# What the task asks
Transcribe every entry word for word.

Top of Data supplied

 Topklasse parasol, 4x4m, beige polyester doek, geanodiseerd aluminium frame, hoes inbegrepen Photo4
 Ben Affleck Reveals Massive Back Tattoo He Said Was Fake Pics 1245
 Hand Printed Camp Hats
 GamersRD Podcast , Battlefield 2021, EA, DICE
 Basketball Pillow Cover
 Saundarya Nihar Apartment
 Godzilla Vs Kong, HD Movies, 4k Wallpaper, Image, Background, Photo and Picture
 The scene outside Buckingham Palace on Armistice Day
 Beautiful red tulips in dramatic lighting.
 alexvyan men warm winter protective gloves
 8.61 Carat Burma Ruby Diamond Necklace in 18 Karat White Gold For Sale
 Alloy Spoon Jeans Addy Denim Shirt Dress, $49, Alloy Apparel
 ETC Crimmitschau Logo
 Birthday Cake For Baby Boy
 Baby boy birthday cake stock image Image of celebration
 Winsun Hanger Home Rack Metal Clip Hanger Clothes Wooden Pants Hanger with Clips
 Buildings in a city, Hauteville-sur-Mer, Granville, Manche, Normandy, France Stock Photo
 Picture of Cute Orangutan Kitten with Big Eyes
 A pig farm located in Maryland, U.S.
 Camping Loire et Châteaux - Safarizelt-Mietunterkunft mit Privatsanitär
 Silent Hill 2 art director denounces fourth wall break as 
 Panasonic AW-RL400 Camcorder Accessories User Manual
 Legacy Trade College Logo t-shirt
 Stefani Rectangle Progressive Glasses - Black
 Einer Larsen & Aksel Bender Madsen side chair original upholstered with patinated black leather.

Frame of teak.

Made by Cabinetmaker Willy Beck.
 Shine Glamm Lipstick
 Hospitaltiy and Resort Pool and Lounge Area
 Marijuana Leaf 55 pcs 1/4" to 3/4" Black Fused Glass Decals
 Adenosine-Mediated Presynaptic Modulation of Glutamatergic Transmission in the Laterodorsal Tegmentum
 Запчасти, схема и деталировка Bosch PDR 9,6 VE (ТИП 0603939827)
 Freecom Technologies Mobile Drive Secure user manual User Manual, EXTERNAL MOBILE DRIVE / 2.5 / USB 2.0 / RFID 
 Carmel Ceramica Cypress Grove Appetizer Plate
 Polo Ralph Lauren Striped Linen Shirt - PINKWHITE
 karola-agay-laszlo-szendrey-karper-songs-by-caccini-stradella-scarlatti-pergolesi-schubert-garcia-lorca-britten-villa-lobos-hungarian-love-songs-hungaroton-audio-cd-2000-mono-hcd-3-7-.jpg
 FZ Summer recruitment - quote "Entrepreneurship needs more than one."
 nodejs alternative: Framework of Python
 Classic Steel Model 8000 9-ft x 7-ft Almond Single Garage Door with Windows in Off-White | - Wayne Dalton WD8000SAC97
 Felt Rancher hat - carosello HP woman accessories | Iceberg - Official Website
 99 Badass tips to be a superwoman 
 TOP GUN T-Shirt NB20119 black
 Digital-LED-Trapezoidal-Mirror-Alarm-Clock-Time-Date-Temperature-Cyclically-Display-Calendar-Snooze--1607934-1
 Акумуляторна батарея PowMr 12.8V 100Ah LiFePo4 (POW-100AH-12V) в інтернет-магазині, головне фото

Bottom of Data supplied

# Written answer
 Topklasse parasol, 4x4m, beige polyester doek, geanodiseerd aluminium frame, hoes inbegrepen Photo4
 Ben Affleck Reveals Massive Back Tattoo He Said Was Fake Pics 1245
 Hand Printed Camp Hats
 GamersRD Podcast , Battlefield 2021, EA, DICE
 Basketball Pillow Cover
 Saundarya Nihar Apartment
 Godzilla Vs Kong, HD Movies, 4k Wallpaper, Image, Background, Photo and Picture
 The scene outside Buckingham Palace on Armistice Day
 Beautiful red tulips in dramatic lighting.
 alexvyan men warm winter protective gloves
 8.61 Carat Burma Ruby Diamond Necklace in 18 Karat White Gold For Sale
 Alloy Spoon Jeans Addy Denim Shirt Dress, $49, Alloy Apparel
 ETC Crimmitschau Logo
 Birthday Cake For Baby Boy
 Baby boy birthday cake stock image Image of celebration
 Winsun Hanger Home Rack Metal Clip Hanger Clothes Wooden Pants Hanger with Clips
 Buildings in a city, Hauteville-sur-Mer, Granville, Manche, Normandy, France Stock Photo
 Picture of Cute Orangutan Kitten with Big Eyes
 A pig farm located in Maryland, U.S.
 Camping Loire et Châteaux - Safarizelt-Mietunterkunft mit Privatsanitär
 Silent Hill 2 art director denounces fourth wall break as 
 Panasonic AW-RL400 Camcorder Accessories User Manual
 Legacy Trade College Logo t-shirt
 Stefani Rectangle Progressive Glasses - Black
 Einer Larsen & Aksel Bender Madsen side chair original upholstered with patinated black leather.

Frame of teak.

Made by Cabinetmaker Willy Beck.
 Shine Glamm Lipstick
 Hospitaltiy and Resort Pool and Lounge Area
 Marijuana Leaf 55 pcs 1/4" to 3/4" Black Fused Glass Decals
 Adenosine-Mediated Presynaptic Modulation of Glutamatergic Transmission in the Laterodorsal Tegmentum
 Запчасти, схема и деталировка Bosch PDR 9,6 VE (ТИП 0603939827)
 Freecom Technologies Mobile Drive Secure user manual User Manual, EXTERNAL MOBILE DRIVE / 2.5 / USB 2.0 / RFID 
 Carmel Ceramica Cypress Grove Appetizer Plate
 Polo Ralph Lauren Striped Linen Shirt - PINKWHITE
 karola-agay-laszlo-szendrey-karper-songs-by-caccini-stradella-scarlatti-pergolesi-schubert-garcia-lorca-britten-villa-lobos-hungarian-love-songs-hungaroton-audio-cd-2000-mono-hcd-3-7-.jpg
 FZ Summer recruitment - quote "Entrepreneurship needs more than one."
 nodejs alternative: Framework of Python
 Classic Steel Model 8000 9-ft x 7-ft Almond Single Garage Door with Windows in Off-White | - Wayne Dalton WD8000SAC97
 Felt Rancher hat - carosello HP woman accessories | Iceberg - Official Website
 99 Badass tips to be a superwoman 
 TOP GUN T-Shirt NB20119 black
 Digital-LED-Trapezoidal-Mirror-Alarm-Clock-Time-Date-Temperature-Cyclically-Display-Calendar-Snooze--1607934-1
 Акумуляторна батарея PowMr 12.8V 100Ah LiFePo4 (POW-100AH-12V) в інтернет-магазині, головне фото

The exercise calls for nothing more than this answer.